By Rex H.M. Wharton, D.D.

It was a magnificent opportunity. The year of 1893 would find Chicago, the great city of the West, crowded day by day with hundreds of thousands of people coming and going from all parts of our own country, and from every nation under the sun. Mr. Moody was no prophet, but he was quick to see an opening for usefulness, and ever ready to grasp an opportunity for doing good. He saw before him an occasion similar to the Pentecost at Jerusalem, but on a much larger scale. In fact, the wonderful event at Jerusalem, when the Spirit descended upon the assembled disciples, and they went forth to meet and preach to the crowds coming up to the Holy City was but a prophecy of that which came to pass in the city of Chicago. Mr. Moody laid his plans with unusual wisdom and foresight. When the World's Fair opened, and the people poured in from all quarters of the earth, he was there to meet them with a force adequate to the demands of that teeming multitude.

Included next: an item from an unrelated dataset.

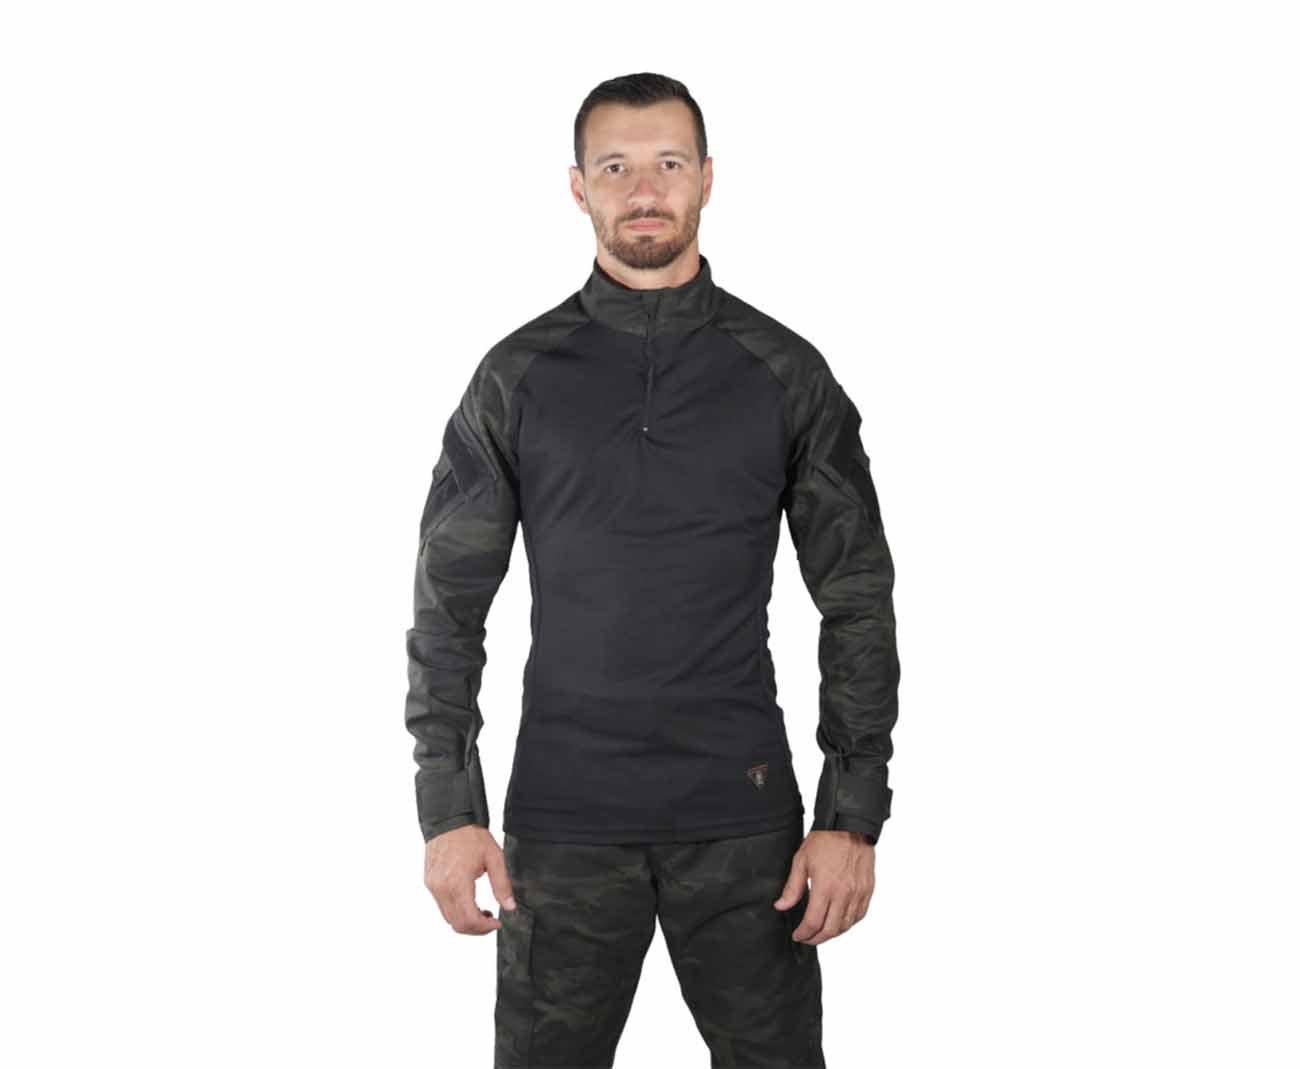 Camisa Combat Shirt Treme Terra Multicam Black - Treme Terra

A brief, outline of this plan will be of interest.


Wherever it was practicable, he grouped the churches, including as many as possible in the arrangement; the members were asked to come together in one of the largest of the group, and there met for worship and work. Services were held at night, and visitors who were staying in the neighborhood had ample notice that they might attend an interesting Gospel meeting. All available public places, halls, theatres, and other buildings, which could be used for public worship, were secured without regard to cost. When the theatres could not be had for the afternoons and evenings, they were secured for noonday services, and for Sunday meetings. The people of the great city seemed not only willing but anxious to do everything in their power to add to this wonderful movement for the Gospel of Christ, and for the salvation of souls. Perhaps one of the most interesting features was the tent work. This may be better understood by a simple description of a tent service.


After supper in the men's department of the Bible Institute, about 100 men are on their knees for a few minutes. Brief, burning, pointed prayers ascend. God is counted on to stand by them in their work. Then, rising, they scatter to mission and tent, going in some cases four, five, and even six miles, each with his Bible and little package of tracts, those containing plenty of Scripture being preferred. Meanwhile, in the Ladies' Home, fifty young women have been making similar preparations. One party is going to the big tent on Milwaukee Avenue, where Mr. Schiverea is holding meetings. On the street cars no time is lost. A young woman opposite speaks to the tired shop-girl at her side, opens her Bible, and points her to Him who said, "Come unto Me, all ye that labor and are heavy laden, and I will give you rest;" but the girl must get off at the next block. She slips the tract "God's Word to You," into her hand with a kind pressure, and asks her to read it. A pleasant smile, and a Good Night, and the seed is sown. Meanwhile, the young men are not idle. A tract is handed to a fellow-passenger - a kind Word is spoken - and soon they, too, are talking of that wonderful Savior. A man on the platform has secured the attention of the conductor, who seemed under conviction. But we have reached our destination, and step from the cars.

Before us is the tent, brilliantly lighted. We enter, and overhead is a great arch of canvass, supported by three center-poles and smaller ones about the sides - an auditorium accommodating 1,300 people, and seated with canvas benches.

The little party kneel in prayer for the presence and power of the Holy Spirit. Then some take their places upon the platform, to sing the Gospel, some stand ready to welcome and seat the audience, and others go out upon the streets, with cards of invitation to bring in the passers-by.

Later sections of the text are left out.